Dr. Päivi Räsänen, a member of the Finnish Parliament for the Christian Democrat Party since 1995, told the Committee that she had been investigated by police after she posted a tweet in 2019 expressing her “Christian beliefs about marriage and sexuality” which questioned her church leadership’s decision to participate in a Pride event.
“For this exercise of my free speech, I was investigated by the police and interrogated for more than thirteen hours,” she said.
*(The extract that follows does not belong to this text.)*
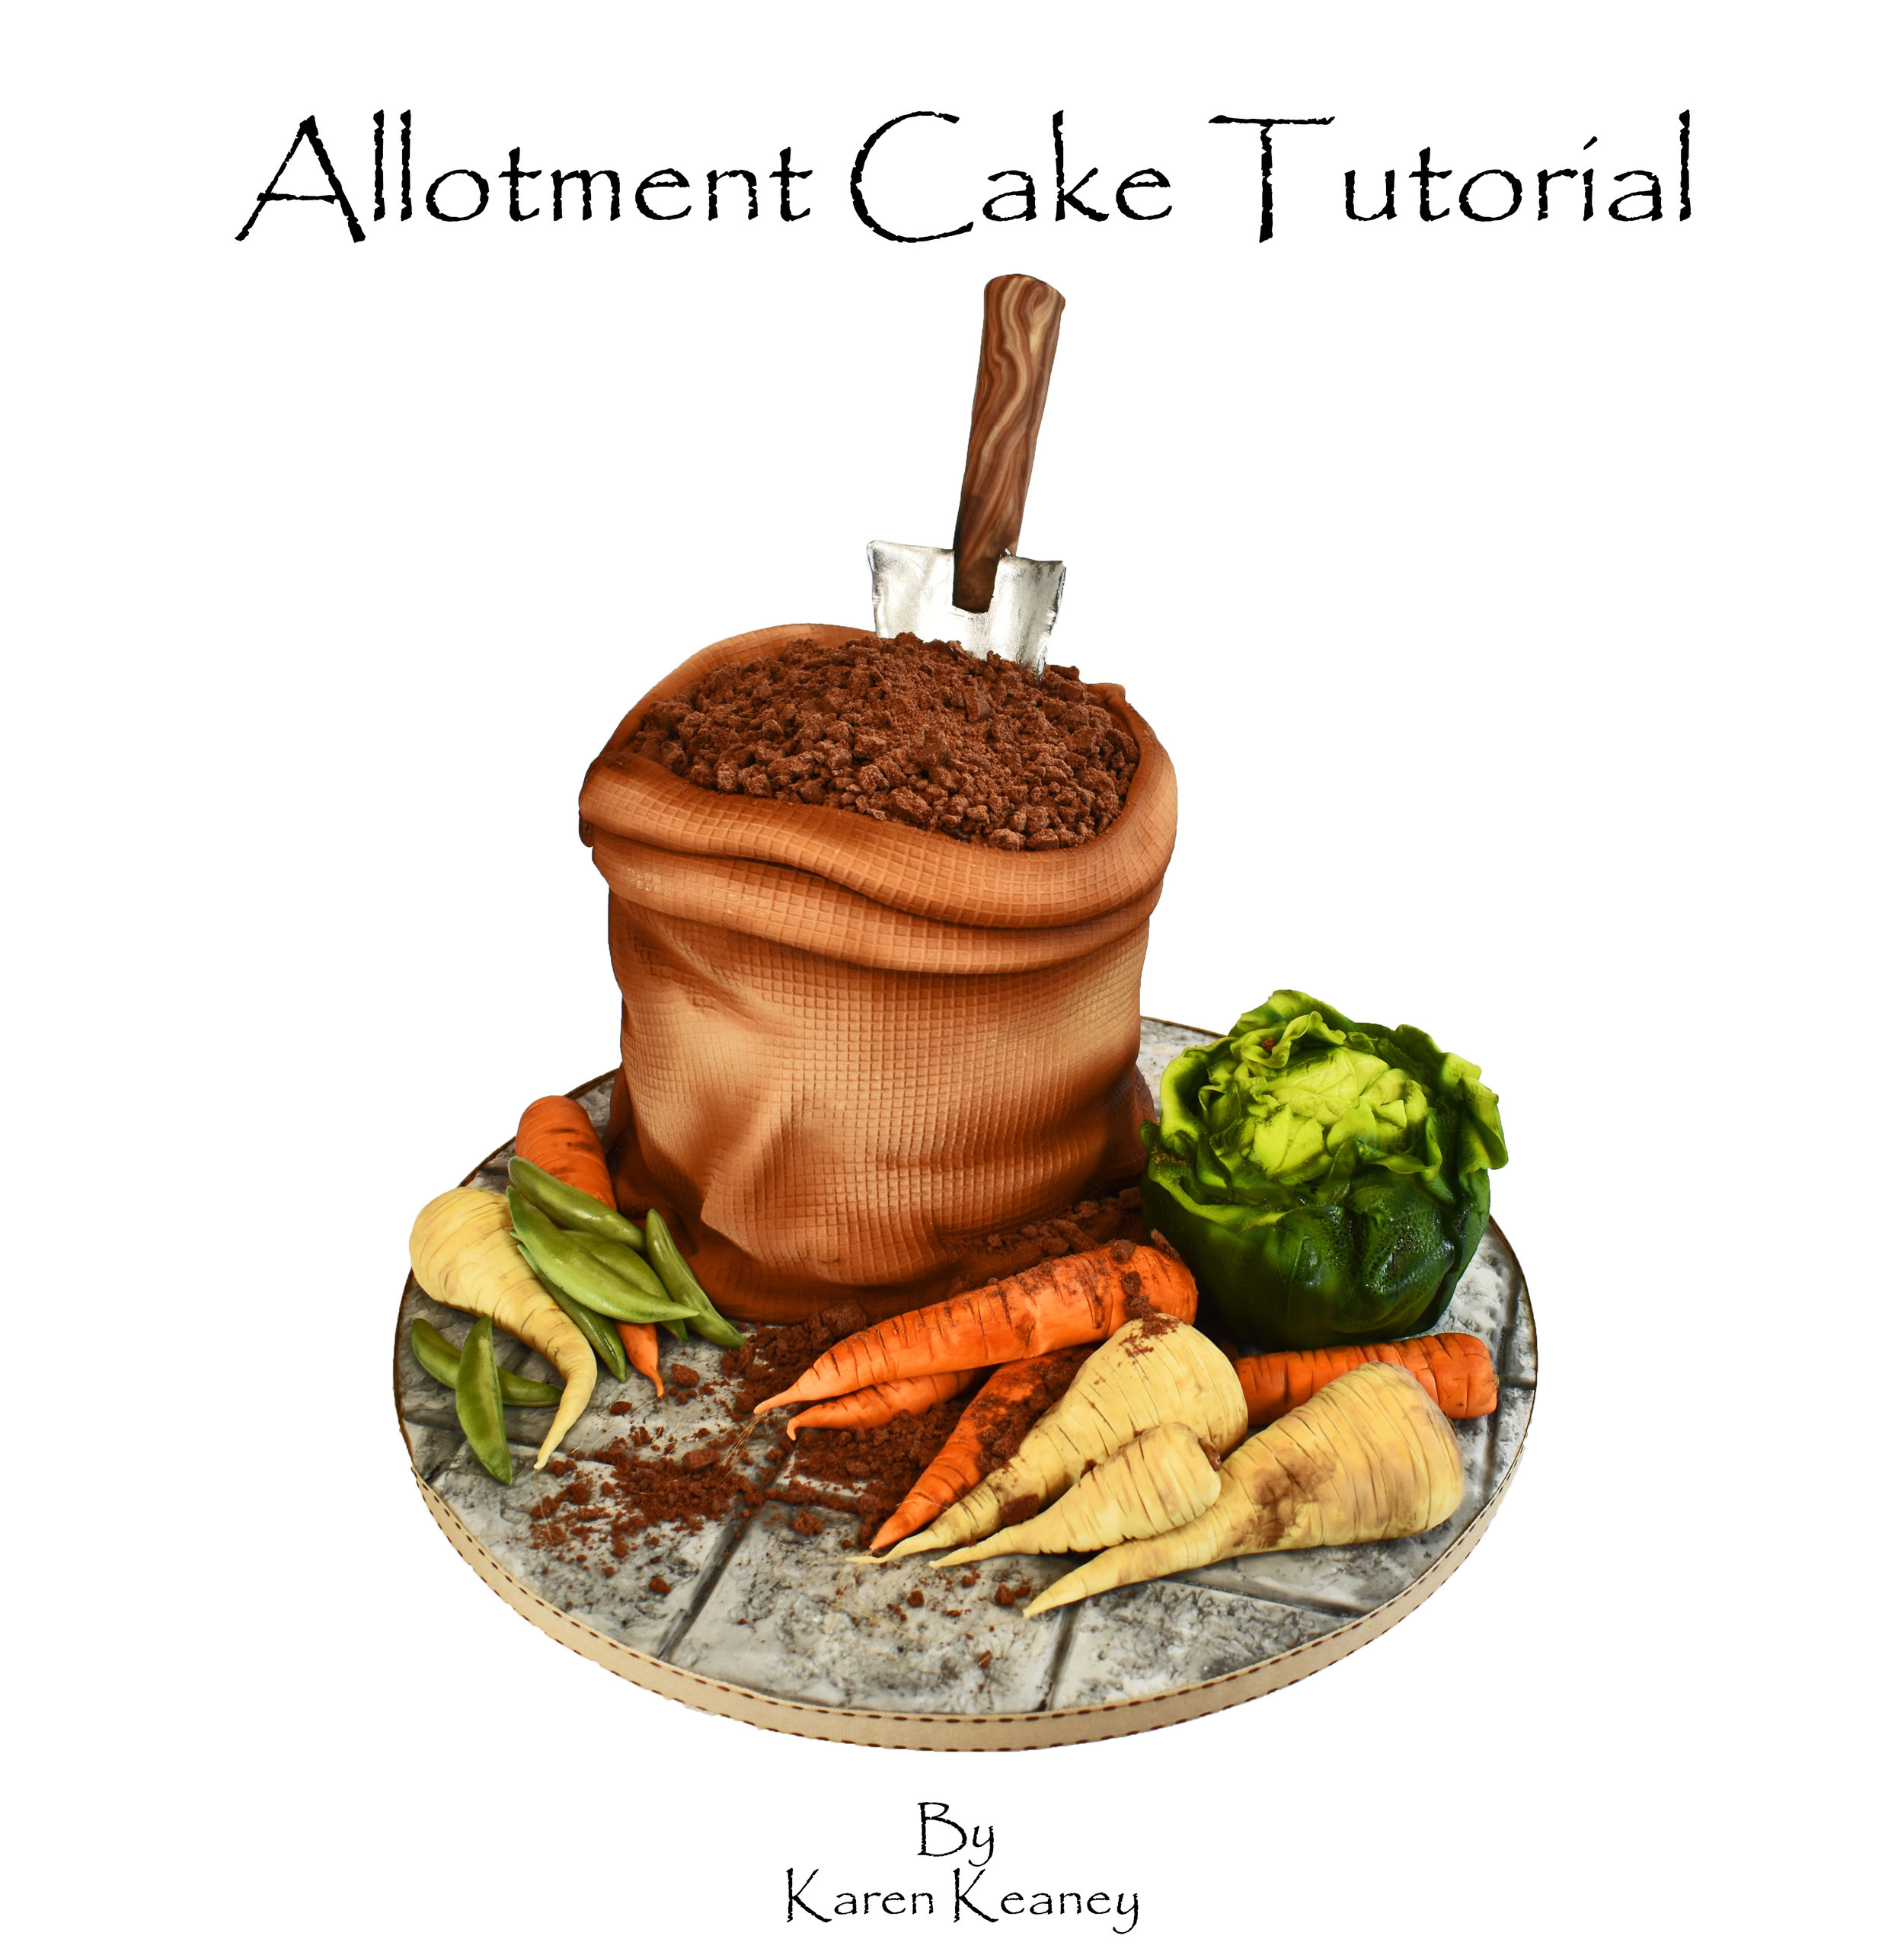 allotment cake tutorial poster 2.jpg

“On 29 April 2021, the Finnish Prosecutor General, Raija Toiviainen, formally charged me with three counts of “agitation against a minority group” for publicly voicing my opinion on marriage and human sexuality in a 2004 pamphlet, for comments I made on a 2019 radio show, and for the tweet. Lutheran Bishop Juhana Pohjola was charged alongside me for publishing my pamphlet for the church. The crime of “agitation against a minority group” falls under the “war crimes and crimes against humanity” section in the Finnish criminal code and can carry up to two years of prison time. I did not insult or call for harm against anyone. I was being criminally charged for simply expressing convictions rooted in my faith and conscience,” she said.
Räsänen was acquitted but the case has been twice appealed by the prosecution and is now before the Supreme Court. “Even when courts ultimately acquit, our story shows how the process itself becomes the punishment. We have faced years of investigation, public scrutiny, and legal uncertainty. This creates a chilling effect, not just for Christians, but for everyone who holds views outside a narrow, state-approved consensus,” she said.